Exercise inputs START

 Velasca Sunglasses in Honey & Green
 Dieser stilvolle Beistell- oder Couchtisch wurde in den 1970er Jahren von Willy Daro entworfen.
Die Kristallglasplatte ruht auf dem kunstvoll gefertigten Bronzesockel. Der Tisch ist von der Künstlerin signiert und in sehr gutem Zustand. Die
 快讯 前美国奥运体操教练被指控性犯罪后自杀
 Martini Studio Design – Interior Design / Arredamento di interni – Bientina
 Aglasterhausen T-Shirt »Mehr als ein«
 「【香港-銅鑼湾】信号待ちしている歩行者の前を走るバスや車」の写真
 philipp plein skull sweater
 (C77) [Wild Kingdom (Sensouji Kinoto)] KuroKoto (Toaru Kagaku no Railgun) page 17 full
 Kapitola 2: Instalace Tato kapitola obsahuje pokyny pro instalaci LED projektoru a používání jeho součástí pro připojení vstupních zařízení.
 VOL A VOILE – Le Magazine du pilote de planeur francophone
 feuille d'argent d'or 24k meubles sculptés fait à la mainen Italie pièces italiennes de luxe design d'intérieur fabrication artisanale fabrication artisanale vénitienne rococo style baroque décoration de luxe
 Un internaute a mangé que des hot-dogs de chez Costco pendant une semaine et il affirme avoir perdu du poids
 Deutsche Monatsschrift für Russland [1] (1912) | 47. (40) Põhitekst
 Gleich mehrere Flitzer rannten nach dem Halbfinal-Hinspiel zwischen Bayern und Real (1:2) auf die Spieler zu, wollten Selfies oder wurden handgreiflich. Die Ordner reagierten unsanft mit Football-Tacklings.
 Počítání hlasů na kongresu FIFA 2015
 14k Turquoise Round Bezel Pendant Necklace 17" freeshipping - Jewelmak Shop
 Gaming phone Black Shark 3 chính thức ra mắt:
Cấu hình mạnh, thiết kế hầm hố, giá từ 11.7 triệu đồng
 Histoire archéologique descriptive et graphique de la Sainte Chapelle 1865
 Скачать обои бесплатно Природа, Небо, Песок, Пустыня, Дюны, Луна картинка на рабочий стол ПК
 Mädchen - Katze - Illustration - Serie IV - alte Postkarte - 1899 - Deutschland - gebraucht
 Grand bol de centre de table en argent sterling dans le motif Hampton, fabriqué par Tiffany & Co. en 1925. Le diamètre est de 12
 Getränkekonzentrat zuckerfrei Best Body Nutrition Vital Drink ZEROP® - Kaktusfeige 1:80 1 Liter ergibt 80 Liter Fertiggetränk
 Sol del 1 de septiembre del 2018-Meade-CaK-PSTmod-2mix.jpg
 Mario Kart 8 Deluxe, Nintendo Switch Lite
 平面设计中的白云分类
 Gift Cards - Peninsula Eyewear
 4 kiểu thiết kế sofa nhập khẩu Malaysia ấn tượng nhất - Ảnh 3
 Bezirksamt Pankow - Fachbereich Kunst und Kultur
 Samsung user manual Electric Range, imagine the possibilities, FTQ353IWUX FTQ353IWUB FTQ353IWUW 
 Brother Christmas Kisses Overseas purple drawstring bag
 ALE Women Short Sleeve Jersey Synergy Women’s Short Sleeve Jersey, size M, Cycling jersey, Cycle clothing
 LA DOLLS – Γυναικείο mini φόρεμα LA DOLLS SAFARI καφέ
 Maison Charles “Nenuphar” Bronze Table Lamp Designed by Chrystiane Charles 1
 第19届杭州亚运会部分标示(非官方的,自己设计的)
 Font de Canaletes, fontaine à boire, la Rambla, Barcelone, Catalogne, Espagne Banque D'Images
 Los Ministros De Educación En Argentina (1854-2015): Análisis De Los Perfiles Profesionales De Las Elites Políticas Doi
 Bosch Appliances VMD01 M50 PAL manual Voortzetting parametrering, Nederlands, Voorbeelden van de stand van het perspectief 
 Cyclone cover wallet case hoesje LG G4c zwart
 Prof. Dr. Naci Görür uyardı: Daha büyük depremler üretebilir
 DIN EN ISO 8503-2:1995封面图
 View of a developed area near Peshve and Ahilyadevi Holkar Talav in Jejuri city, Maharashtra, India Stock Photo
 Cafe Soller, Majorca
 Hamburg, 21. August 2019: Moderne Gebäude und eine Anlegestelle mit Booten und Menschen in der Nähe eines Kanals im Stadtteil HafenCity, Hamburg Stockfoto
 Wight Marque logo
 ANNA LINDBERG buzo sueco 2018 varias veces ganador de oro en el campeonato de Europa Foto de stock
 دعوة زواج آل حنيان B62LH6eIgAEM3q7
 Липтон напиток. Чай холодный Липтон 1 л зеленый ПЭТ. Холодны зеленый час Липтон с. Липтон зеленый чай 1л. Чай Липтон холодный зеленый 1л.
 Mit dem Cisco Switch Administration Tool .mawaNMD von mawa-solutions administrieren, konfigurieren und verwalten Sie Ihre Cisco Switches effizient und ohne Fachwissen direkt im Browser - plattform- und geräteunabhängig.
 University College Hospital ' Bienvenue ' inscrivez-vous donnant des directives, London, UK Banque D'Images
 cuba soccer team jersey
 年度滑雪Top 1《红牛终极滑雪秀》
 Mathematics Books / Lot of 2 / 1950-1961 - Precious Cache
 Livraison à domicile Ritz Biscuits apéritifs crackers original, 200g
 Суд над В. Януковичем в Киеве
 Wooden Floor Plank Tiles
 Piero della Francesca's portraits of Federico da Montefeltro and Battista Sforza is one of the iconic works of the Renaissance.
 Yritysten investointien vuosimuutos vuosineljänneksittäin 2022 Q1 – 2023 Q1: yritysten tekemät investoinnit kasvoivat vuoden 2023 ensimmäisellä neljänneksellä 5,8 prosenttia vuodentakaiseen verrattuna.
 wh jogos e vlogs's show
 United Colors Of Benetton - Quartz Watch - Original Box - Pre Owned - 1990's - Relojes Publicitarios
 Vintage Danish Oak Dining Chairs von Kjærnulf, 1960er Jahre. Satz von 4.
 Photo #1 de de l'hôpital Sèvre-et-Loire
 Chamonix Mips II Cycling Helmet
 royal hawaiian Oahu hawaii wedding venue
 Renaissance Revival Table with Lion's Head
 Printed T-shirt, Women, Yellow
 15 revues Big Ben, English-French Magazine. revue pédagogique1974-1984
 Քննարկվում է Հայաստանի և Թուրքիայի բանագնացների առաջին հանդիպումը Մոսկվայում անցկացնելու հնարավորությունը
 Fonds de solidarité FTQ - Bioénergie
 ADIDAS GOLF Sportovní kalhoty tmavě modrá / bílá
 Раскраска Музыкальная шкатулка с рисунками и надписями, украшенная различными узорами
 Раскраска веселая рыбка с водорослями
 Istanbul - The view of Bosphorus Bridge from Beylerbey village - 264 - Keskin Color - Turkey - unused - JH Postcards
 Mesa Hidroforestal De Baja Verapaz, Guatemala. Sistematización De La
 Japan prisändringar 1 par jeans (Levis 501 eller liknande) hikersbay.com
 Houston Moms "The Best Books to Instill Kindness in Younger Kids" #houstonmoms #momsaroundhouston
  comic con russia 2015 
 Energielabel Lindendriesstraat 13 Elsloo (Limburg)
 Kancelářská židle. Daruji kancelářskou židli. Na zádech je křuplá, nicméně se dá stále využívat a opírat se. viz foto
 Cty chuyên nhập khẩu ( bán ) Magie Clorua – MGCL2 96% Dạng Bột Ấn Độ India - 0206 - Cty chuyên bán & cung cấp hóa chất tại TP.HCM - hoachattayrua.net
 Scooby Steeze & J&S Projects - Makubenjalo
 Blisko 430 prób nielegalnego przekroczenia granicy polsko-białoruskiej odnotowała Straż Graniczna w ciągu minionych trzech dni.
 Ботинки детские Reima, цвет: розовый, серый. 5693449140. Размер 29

Exercise inputs END

→ **Your goal**:
Repeat every line of the data word for word until you have repeated the line that contains "Deutsche Monatsschrift für", which is the last one to include.

→ **Task output**:
 Velasca Sunglasses in Honey & Green
 Dieser stilvolle Beistell- oder Couchtisch wurde in den 1970er Jahren von Willy Daro entworfen.
Die Kristallglasplatte ruht auf dem kunstvoll gefertigten Bronzesockel. Der Tisch ist von der Künstlerin signiert und in sehr gutem Zustand. Die
 快讯 前美国奥运体操教练被指控性犯罪后自杀
 Martini Studio Design – Interior Design / Arredamento di interni – Bientina
 Aglasterhausen T-Shirt »Mehr als ein«
 「【香港-銅鑼湾】信号待ちしている歩行者の前を走るバスや車」の写真
 philipp plein skull sweater
 (C77) [Wild Kingdom (Sensouji Kinoto)] KuroKoto (Toaru Kagaku no Railgun) page 17 full
 Kapitola 2: Instalace Tato kapitola obsahuje pokyny pro instalaci LED projektoru a používání jeho součástí pro připojení vstupních zařízení.
 VOL A VOILE – Le Magazine du pilote de planeur francophone
 feuille d'argent d'or 24k meubles sculptés fait à la mainen Italie pièces italiennes de luxe design d'intérieur fabrication artisanale fabrication artisanale vénitienne rococo style baroque décoration de luxe
 Un internaute a mangé que des hot-dogs de chez Costco pendant une semaine et il affirme avoir perdu du poids
 Deutsche Monatsschrift für Russland [1] (1912) | 47. (40) Põhitekst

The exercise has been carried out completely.